[Opening Material provided section]

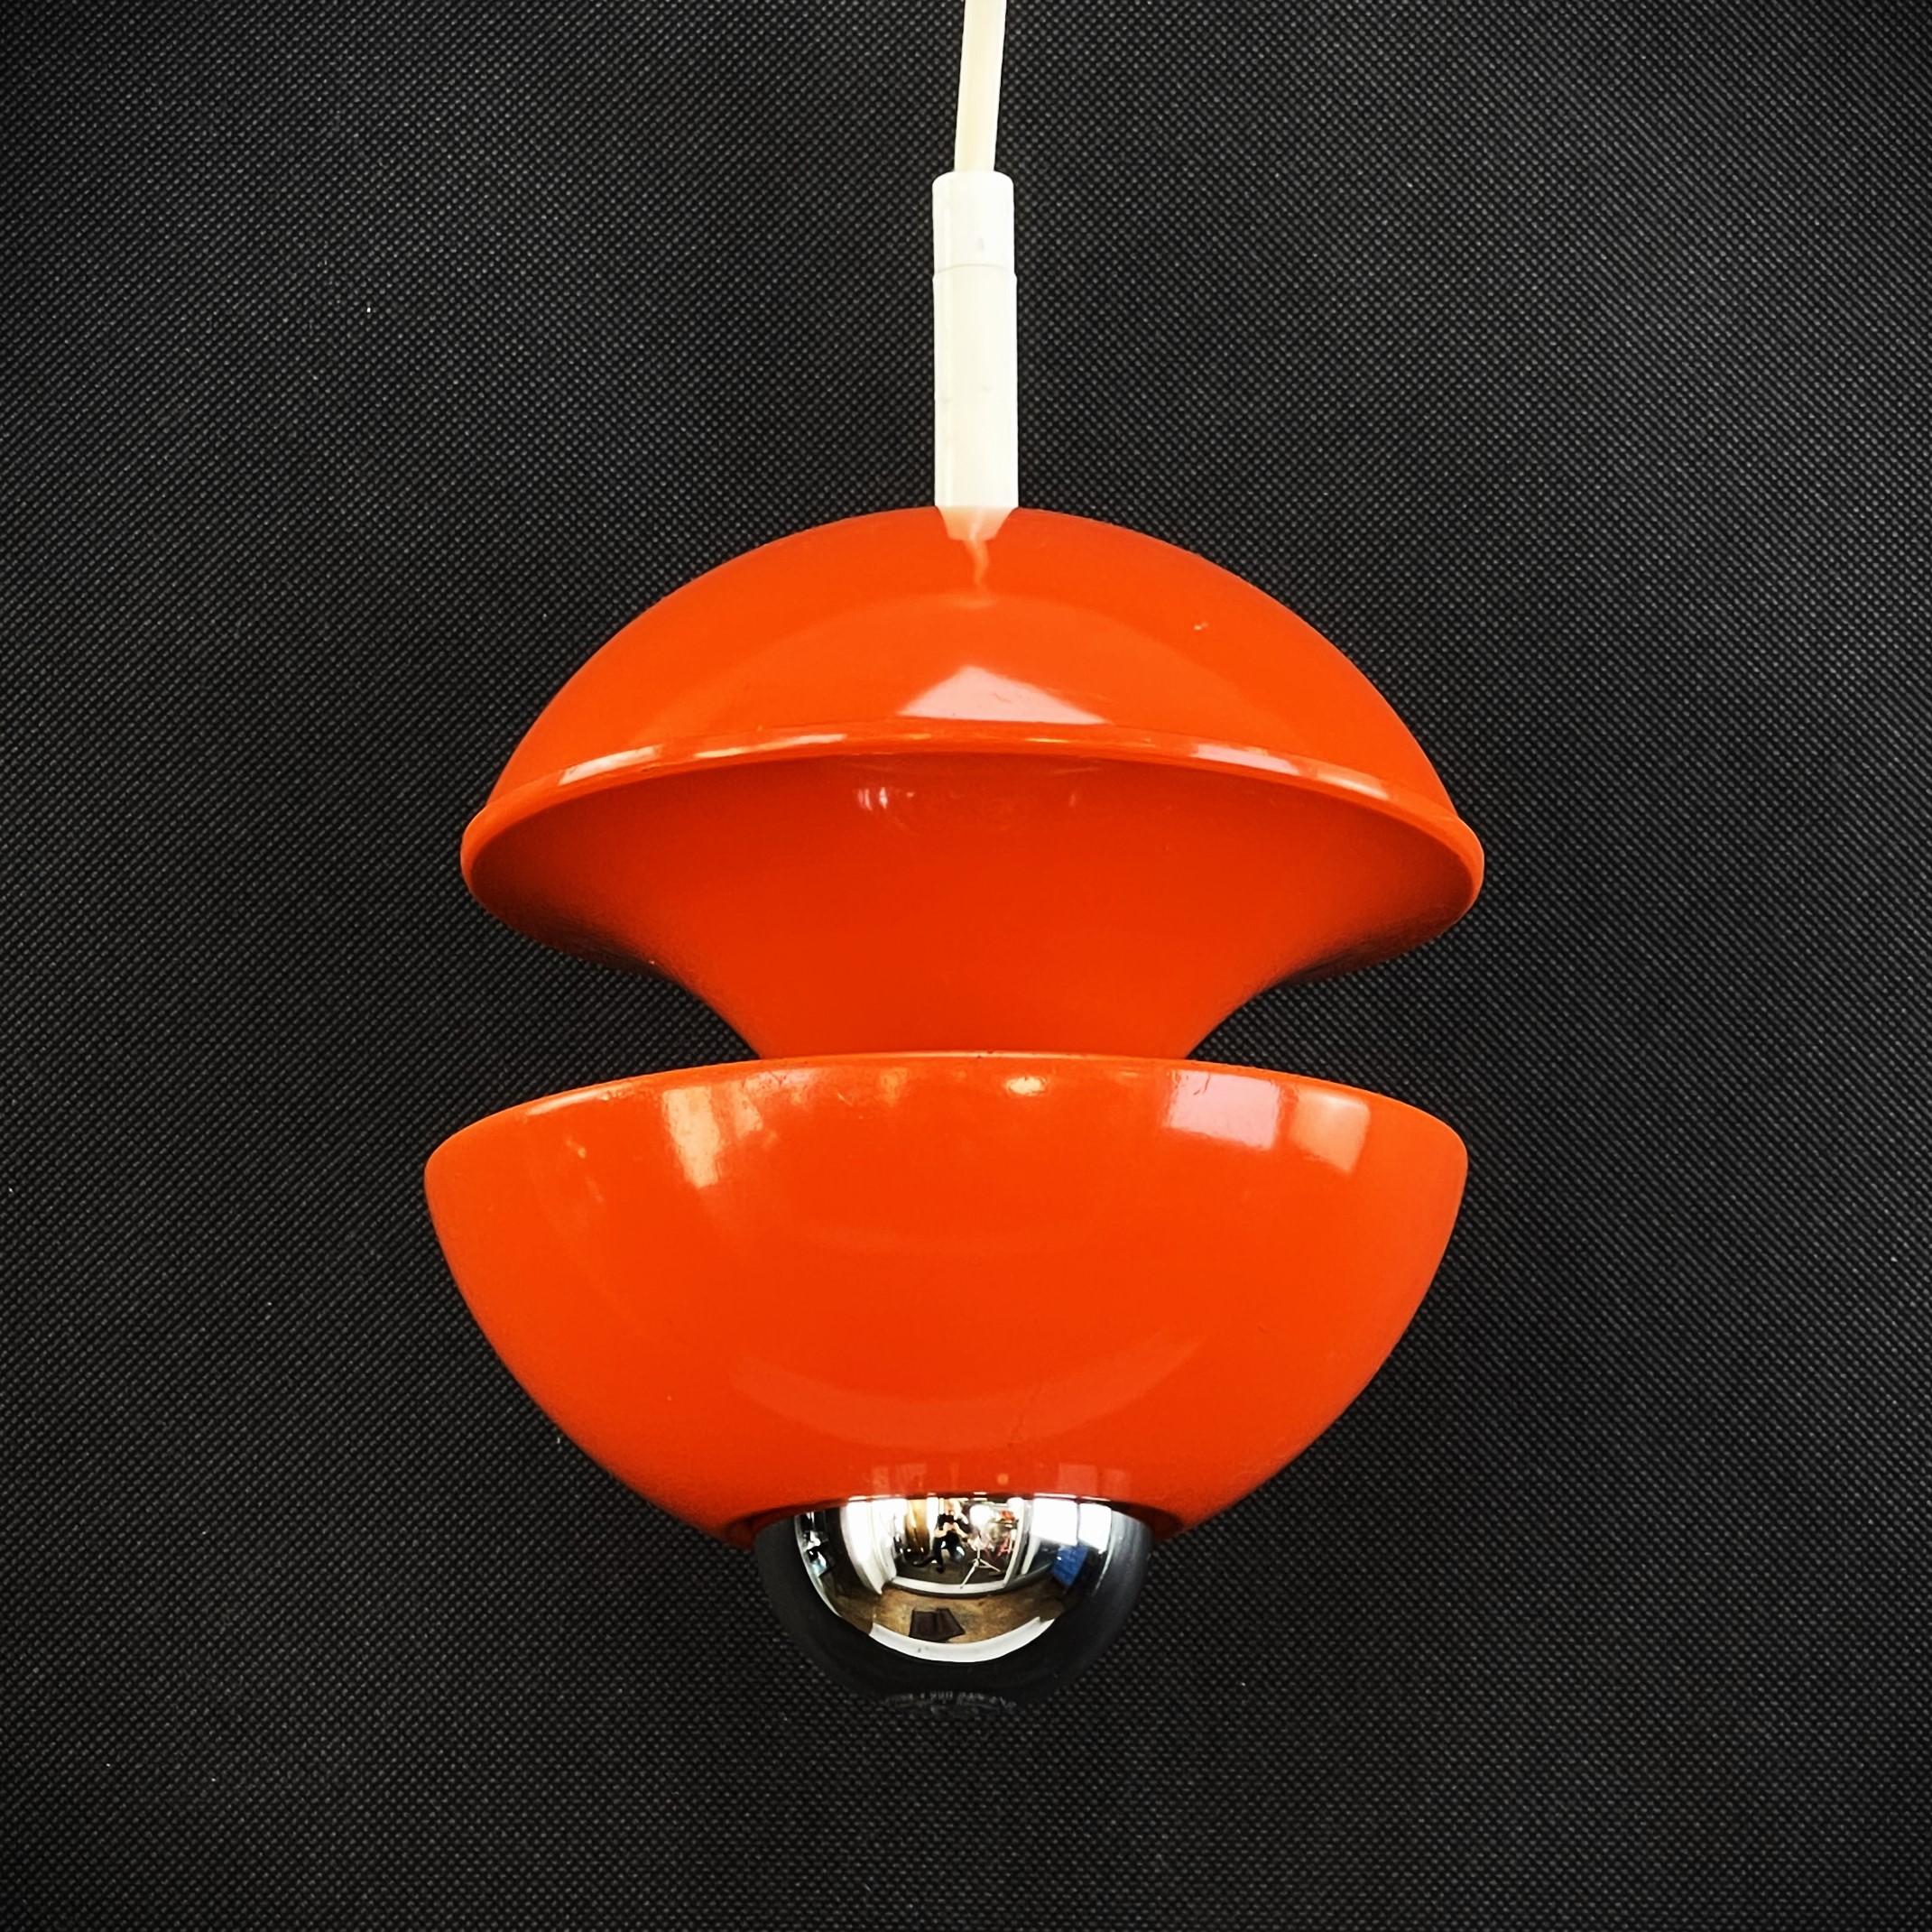 beautiful SPACE Age ceiling light by Richard Essig- 1970s

The pendant lamp from Kaiser Leuchte, designed by Klaus Hempel in an eye-catching orange shade, is an outstanding example of contemporary lamp design. With a unique combination of shape,
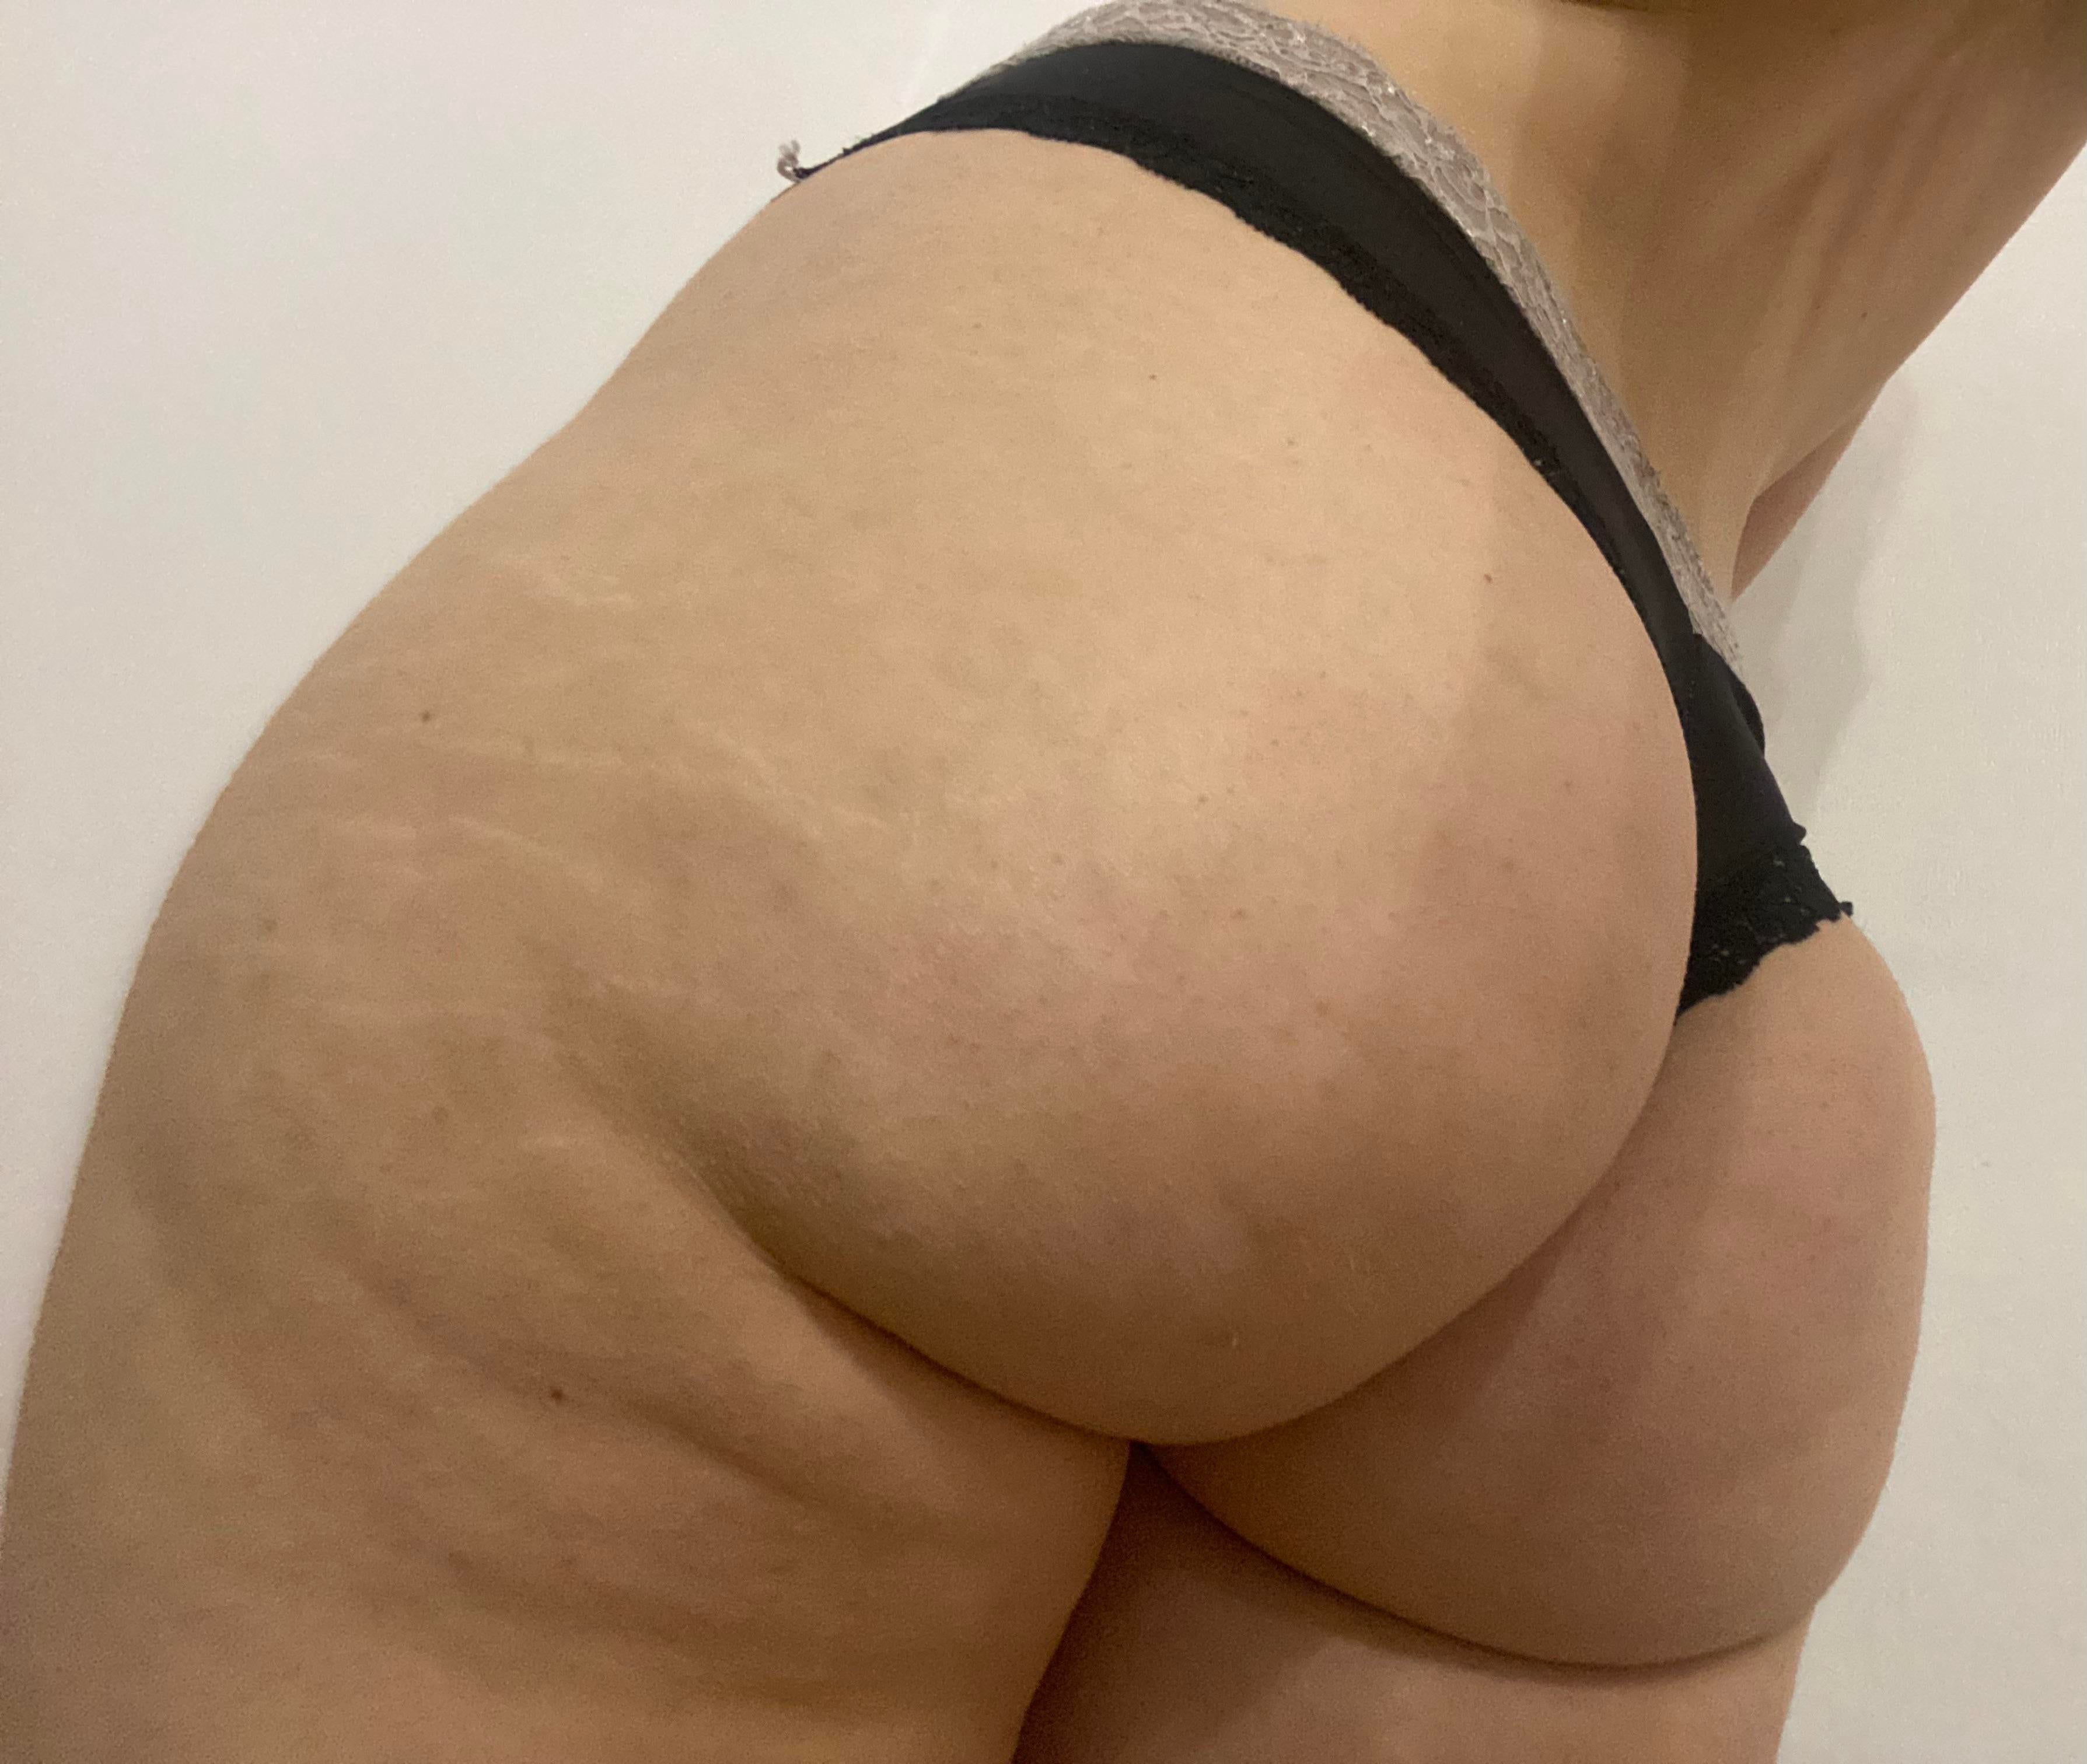 Can someone appreciate this fat ass Thick White Girls

[Closing Material provided section]

_Exercise objective:_
Could you return the whole listing exactly, with every picture removed?

_Completed task:_
 beautiful SPACE Age ceiling light by Richard Essig- 1970s

The pendant lamp from Kaiser Leuchte, designed by Klaus Hempel in an eye-catching orange shade, is an outstanding example of contemporary lamp design. With a unique combination of shape,
 Can someone appreciate this fat ass Thick White Girls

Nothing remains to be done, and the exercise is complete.